Worth knowing: debt and net price are not the same number. A school can charge a low net price and still leave high debt if students borrow for rent and living costs, or charge more and show low debt because its families pay out of pocket. Compare both before judging affordability.

What This Means for Students

If avoiding debt is the goal, the lever is net price, not the name on the diploma. The schools that leave graduates owing the least are low-cost publics and work-college models, none of which market themselves on affordability the way they could. Before borrowing, run your specific family income through the Cost Calculator for every school on your list, because the published cost rarely matches what you would actually pay or owe. It is the same lesson the value data keeps repeating: the colleges with the best return on net price are almost all low-cost, not high-prestige.

What This Means for Parents

Debt is the number that outlasts the four years, and it is more controllable than families assume. A low-debt outcome comes from a low net price plus strong grant aid, both of which you can shop for before a single loan is signed. Weigh in-state publics and work-college options like Berea against the pricier private names, and judge each on the debt a typical graduate actually carries rather than the sticker.
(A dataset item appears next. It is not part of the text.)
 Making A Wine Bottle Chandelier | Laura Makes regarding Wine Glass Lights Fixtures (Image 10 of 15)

Then set that debt against the field your student plans to study, which moves the earnings side of the equation more than the school does.
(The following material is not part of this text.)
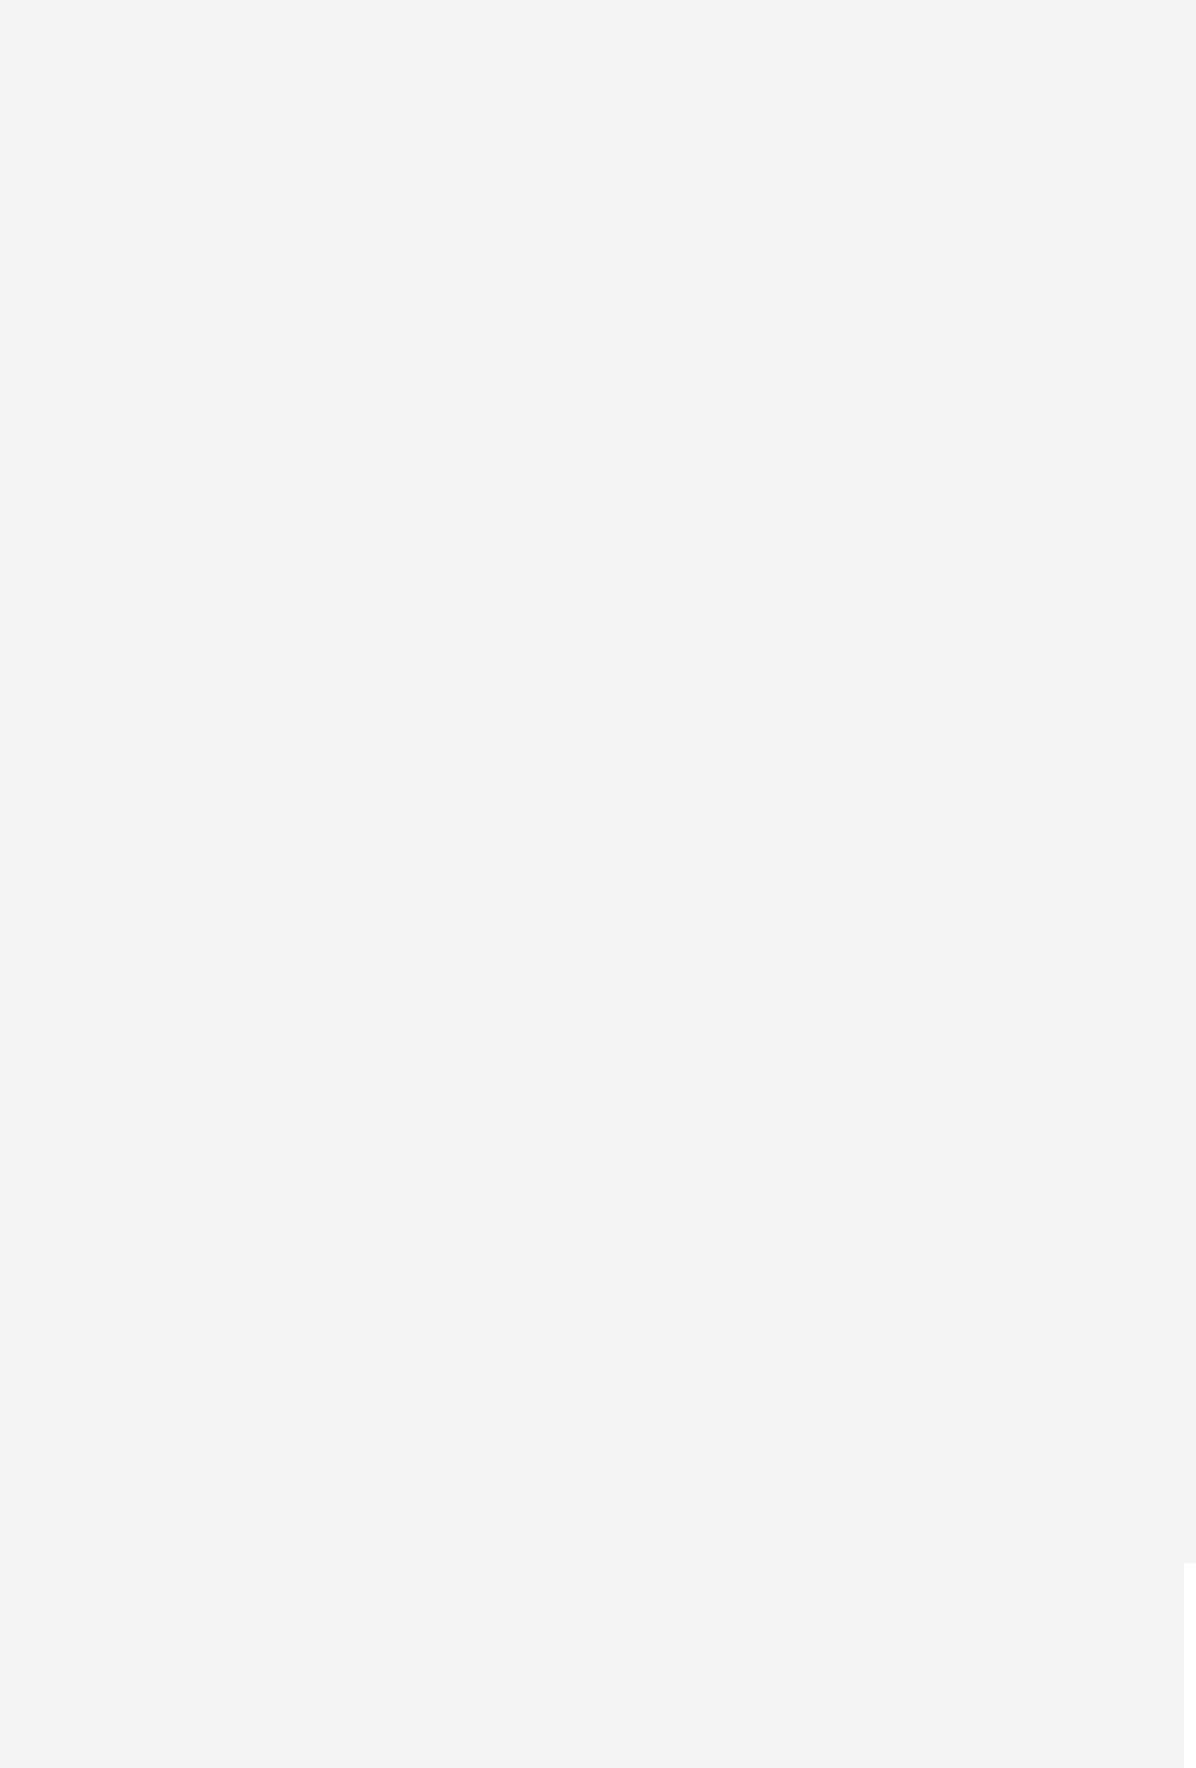 real food.png

Questions you might still have

Which college leaves graduates with the least debt?

Among four-year-level colleges, Laredo College in Texas posts the lowest median debt at completion, about $2,959. The rest of the low-debt list is dominated by low-cost regional publics and University of Puerto Rico campuses.

How much student debt does the average graduate have?

At four-year colleges with at least 1,000 students, the median debt of completers averages about $20,846. That is the typical figure; a small set of low-cost schools sit far below it, and a handful run above $30,000.

Is low debt the same as a low net price?

No. Net price is what a family pays after aid; debt is what students actually borrow. A school can have a modest net price and still leave high debt if students borrow for living costs, or a higher net price and low debt if its students come from families who pay out of pocket.

Why does Berea College have such low debt?

Berea charges no tuition. It runs a work-college model in which every student holds a campus job, and its endowment covers tuition for all, so graduates leave with a median debt of about $3,591 despite a four-year program.

Do low-debt colleges have weak earnings?

Earnings at the lowest-debt schools are modest, mostly in the $30,000 to $45,000 range a decade out, because many are regional and serve commuter students. Low debt protects the downside; it does not guarantee high pay, which is set more by field of study.

Why are so many Puerto Rico campuses on the low-debt list?

The University of Puerto Rico system charges very low tuition and serves a student body that borrows little, so its campuses cluster near the bottom of the debt table at around $4,500 to $5,500.

How can I graduate with little or no debt?

Target low-net-price schools, maximize grant aid, and weigh in-state publics and work-college options like Berea. Run the specific net price for your family income before borrowing, since the published cost rarely matches what you would actually pay or owe.